6.根据权利要求1所述的方法，其特征在于，基于所述文献文本数据库，利用自然语言处理技术确定毒物-靶标潜在作用关系，形成毒物-靶标关系知识库，包括：基于相似性分析、聚类分析、主题挖掘、实体关系抽取和深度学习算法确定文献毒物-靶标的关系，并形成毒物-靶标关系知识库。6. The method according to claim 1, wherein, based on the document text database, using natural language processing technology to determine the potential role relationship of poison-target, forming a knowledge base of poison-target relationship, comprising: based on similarity analysis, Cluster analysis, topic mining, entity relationship extraction, and deep learning algorithms determine the toxicant-target relationship in literature, and form a toxicant-target relationship knowledge base.

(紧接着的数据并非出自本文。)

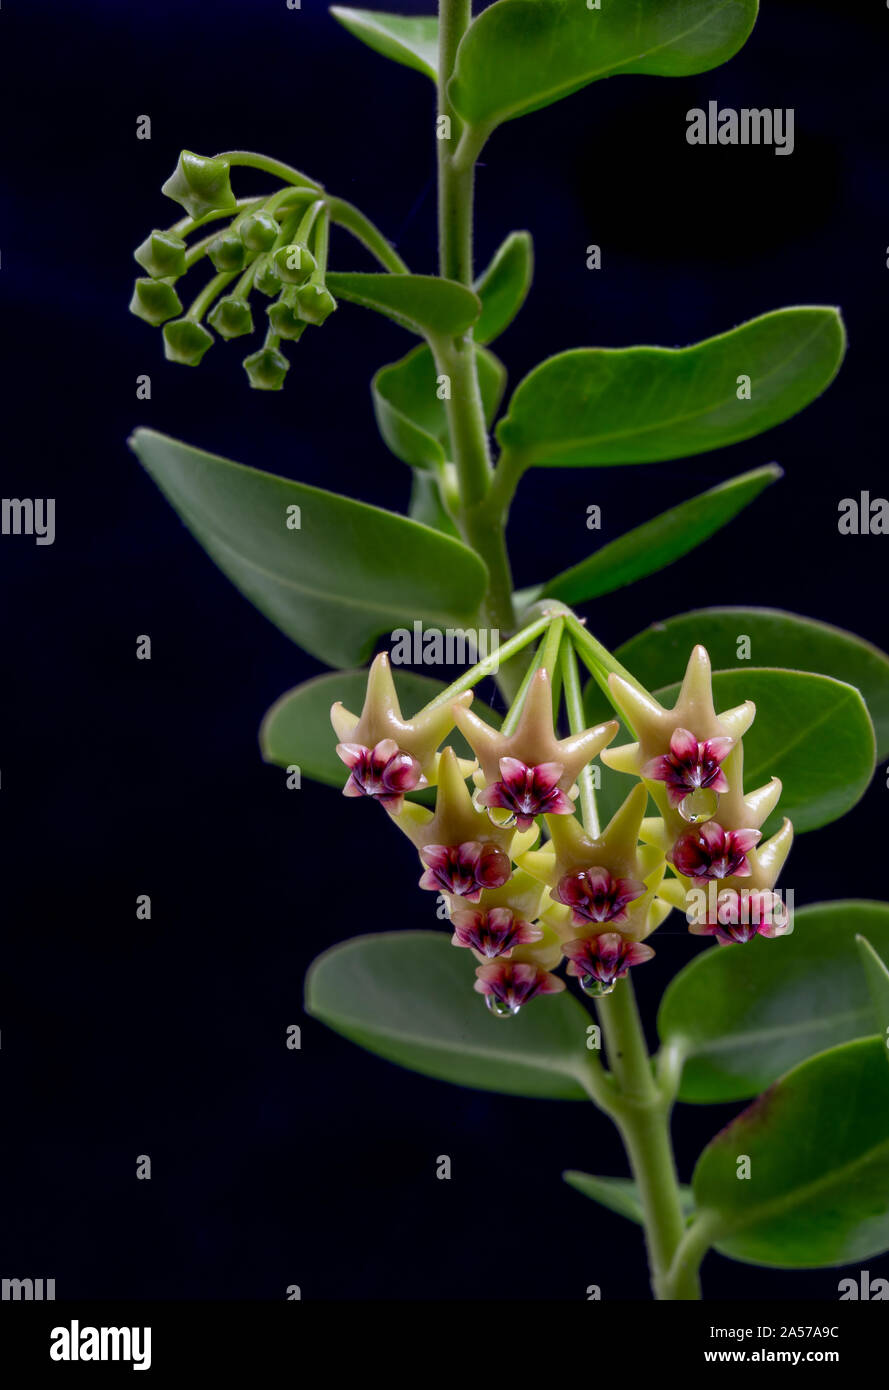 Cumming's Wax Flower, Hoya cummingiana, from the Philippines Stock Photo
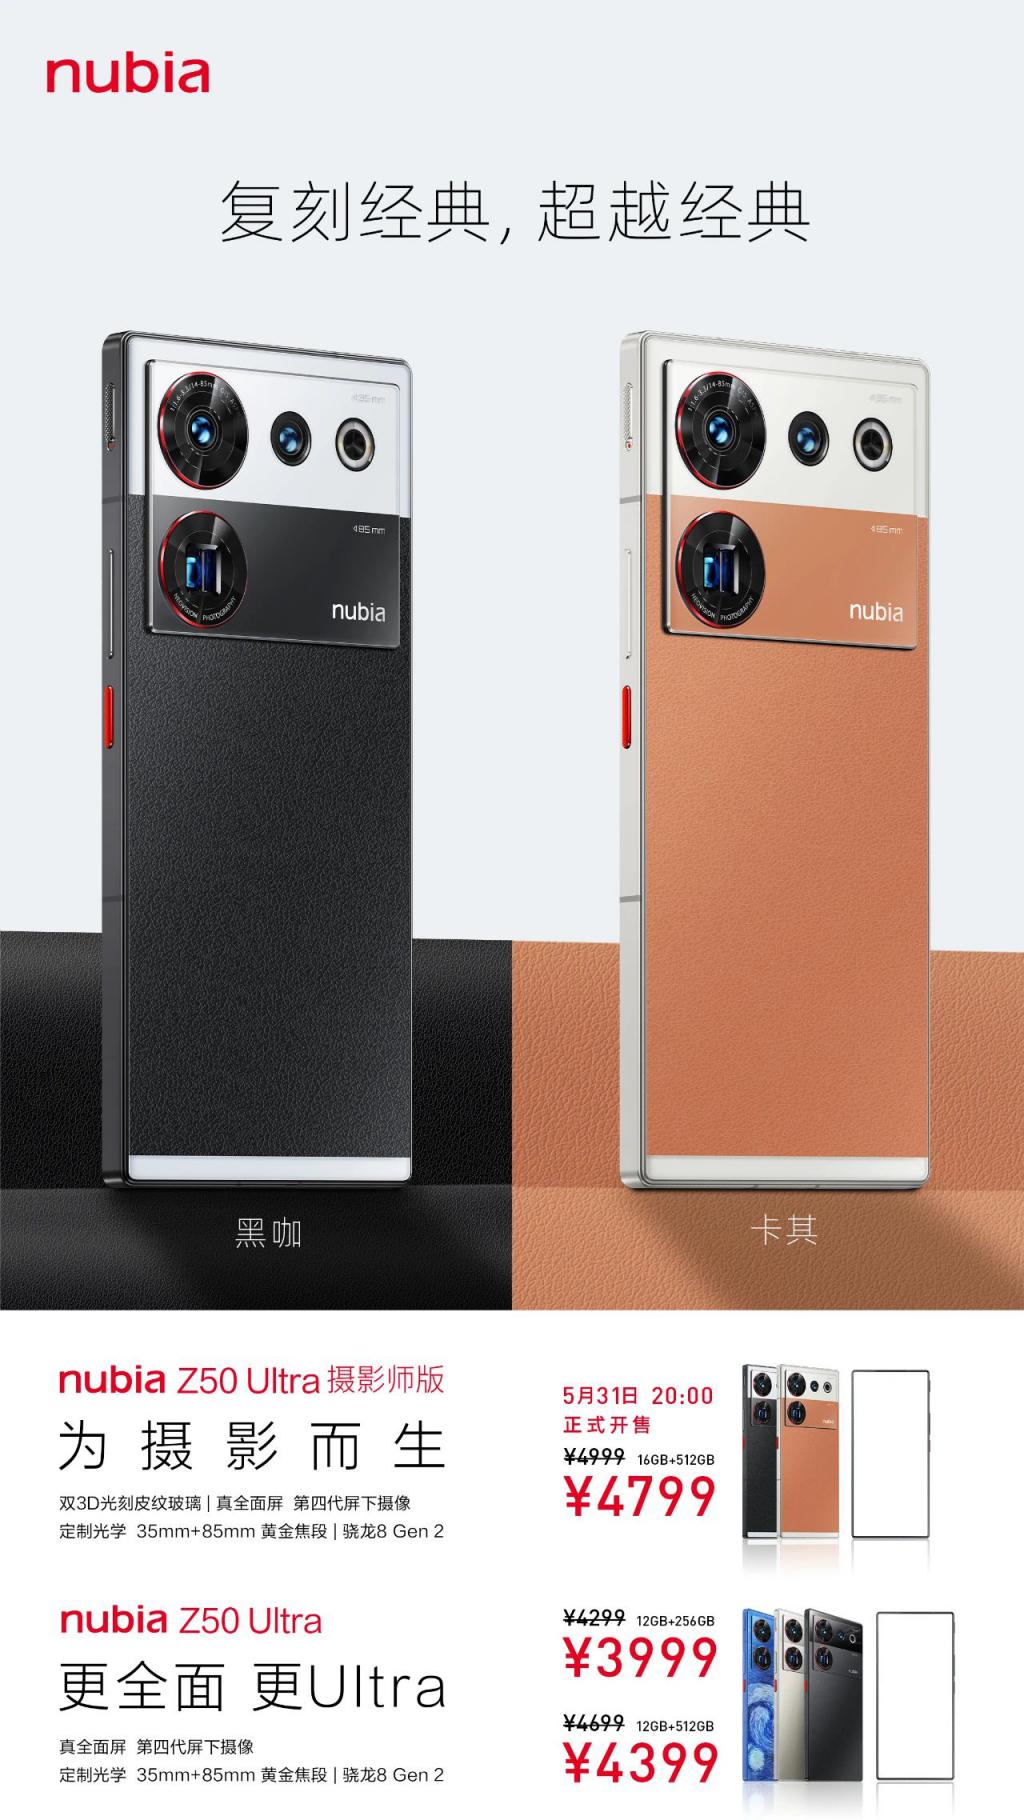 4799 元 Z50Ultra 摄影师版发布 俩颜色 有内味儿了

7.根据权利要求6所述的方法，其特征在于，基于相似性分析、聚类分析、主题挖掘、实体关系抽取和深度学习算法确定文献毒物-靶标的关系，并形成毒物-靶标关系知识库，包括：7. The method according to claim 6, characterized in that, based on similarity analysis, cluster analysis, topic mining, entity relationship extraction and deep learning algorithm to determine the relationship between literature poisons and targets, and form a poison-target relationship knowledge base ,include:

8.根据权利要求1所述的方法，其特征在于，利用所述文献文本数据库及毒物-靶标关系知识库进行毒物-靶标文献知识挖掘，包括：8. The method according to claim 1, characterized in that, utilizing the literature text database and the poison-target relationship knowledge base to perform poison-target literature knowledge mining, comprising:

9.根据权利要求8所述的方法，其特征在于，利用所述文献文本数据库及毒物-靶标关系知识库进行检索及定向文献查询，从而对毒物-靶标文献知识进行挖掘，包括：9. method according to claim 8 is characterized in that, utilizes described document text database and poison-target relation knowledge base to carry out retrieval and directional document inquiry, thereby carries out mining to poison-target literature knowledge, comprising:

10.一种基于网络爬取的毒物-靶标文献知识挖掘系统，其特征在于，包括处理器，用于执行权利要求1至9中任一项所述的方法。10. A poison-target literature knowledge mining system based on web crawling, characterized by comprising a processor for executing the method according to any one of claims 1 to 9.